Sejak menyaksikan penguasaan strategi militer Qin Feng, mengetahui bahwa dia menciptakan mesiu, bahkan melihatnya meningkatkan Seni Pengendalian Qi Bela Diri, yang menguntungkan para prajurit Kekaisaran Great Qian.
Lie Ying telah memutuskan di dalam hatinya bahwa Qin Feng adalah bakat yang dibutuhkannya!
Faktanya, Lie Ying selalu memiliki impian, yaitu menjadikan Pasukan Adipati Perang Bela Diri sebagai pasukan nomor satu di Great Qian.
Namun, dia juga jelas di dalam hatinya bahwa selama Liu Tianlu dari Pasukan Marquis Ilahi ada di sekitar, Pasukan Adipati Perang Bela Diri tidak akan pernah bisa menjadi yang pertama.
Meskipun pasukannya tak tertandingi dalam keberanian, mereka kekurangan taktik dalam pertempuran.
Jika dia bisa membawa pemuda keluarga Qin itu di bawah komandonya untuk membuat strategi, dan mengarahkan Pasukan Adipati Perang Bela Diri, bukankah pasukannya akan menjadi tak terkalahkan?
Justru karena inilah Lie Ying berulang kali datang ke sini untuk membujuk.
“Maaf, Jenderal Lie, ambisiku terletak di tempat lain. Silakan cari orang lain untuk ini,” jawab Qin Feng dengan hormat.
“Hei, minat bisa dibudidayakan. Mungkin setelah kamu secara pribadi memimpin pasukan ke medan perang, pikiranmu mungkin akan berubah.”
“Pasukan Adipati Perang Bela Diri akan pergi ke Kota Qiongyu di Wilayah Barat. Garnisun lokal di sana melaporkan bahwa sepertinya ada pergerakan iblis yang tidak biasa di dekatnya.”
“Kamu mungkin juga ikut denganku kali ini. Pertama, kamu dapat mendemonstrasikan strategi militermu, dan kedua, kamu juga dapat berintegrasi dengan Pasukan Adipati Perang Bela Diri.”
“Di masa depan, kamu akan lebih nyaman memimpin. Bagaimana menurutmu?” Perhitungan Lie Ying terdengar lantang.
Meskipun Qin Feng berulang kali menolak, dia sudah menganggap Qin Feng sebagai anggota Pasukan Adipati Perang Bela Diri!

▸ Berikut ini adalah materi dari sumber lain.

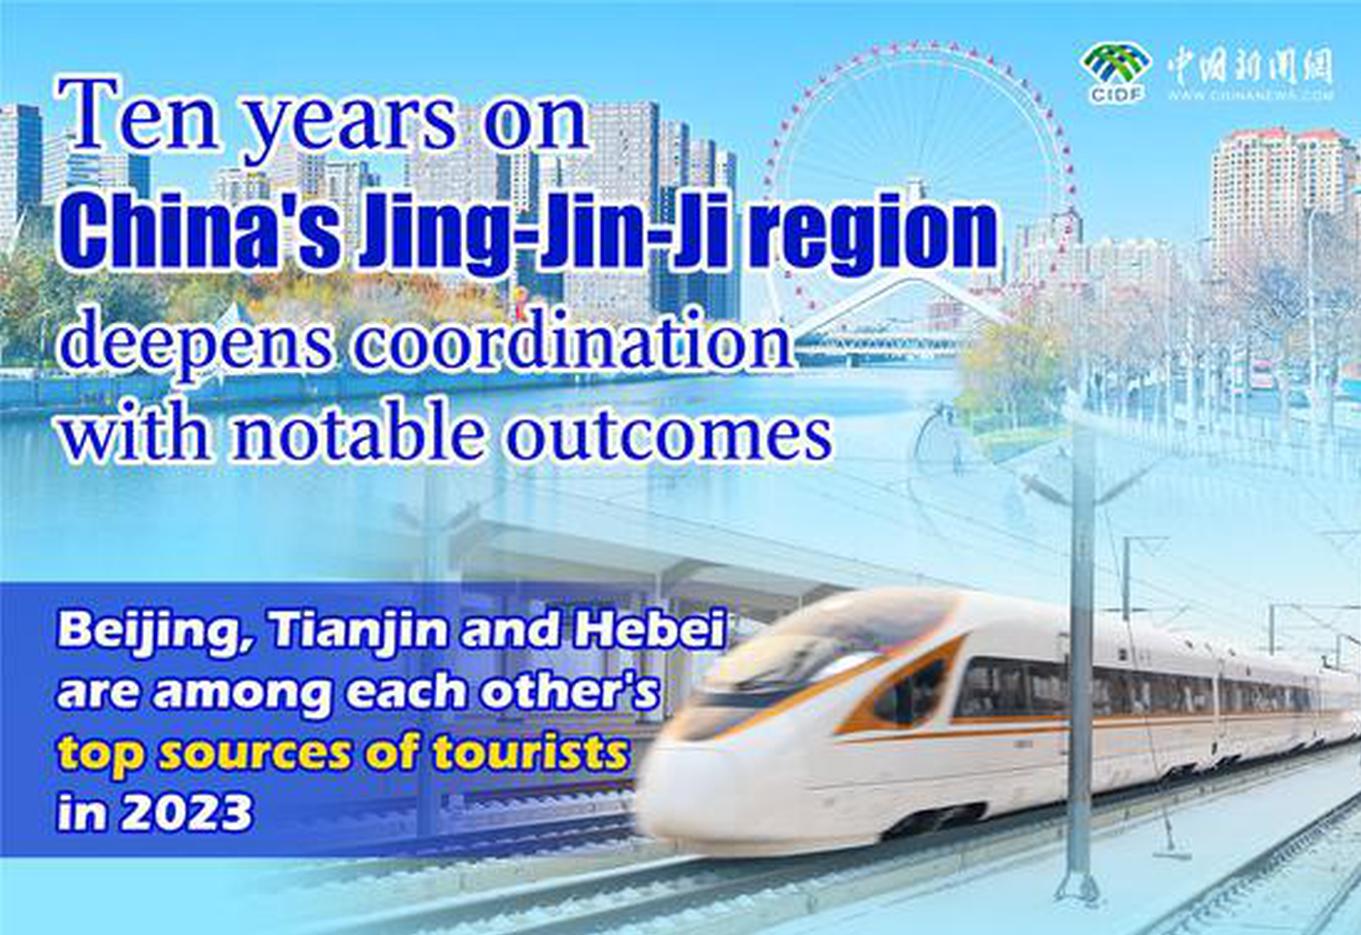 In Numbers: Ten years on China's Jing-Jin-Ji region deepens coordination with notable outcomes

“Jenderal, aku hanya berbicara tentang strategi militer di atas kertas. Jika kamu benar-benar menyerahkan Pasukan Adipati Perang Bela Diri kepadaku, kamu pasti akan menyesalinya,” kata Qin Feng tak berdaya. Bagaimana bisa seseorang memiliki kulit yang begitu tebal!
“Tidak menyesal, tidak menyesal. Jika kamu datang ke Pasukan Adipati Perang Bela Diri-ku, aku tidak akan pernah menyesalinya.”
Tepat saat Qin Feng hendak menjawab, penjaga gerbang tiba-tiba melapor, “Tuan Muda, seseorang datang untuk menemuimu. Itu Nona Xiao Bai dari Kota Jinyang.”
Xiao Bai? Untuk apa dia datang? Qin Feng merasa bingung.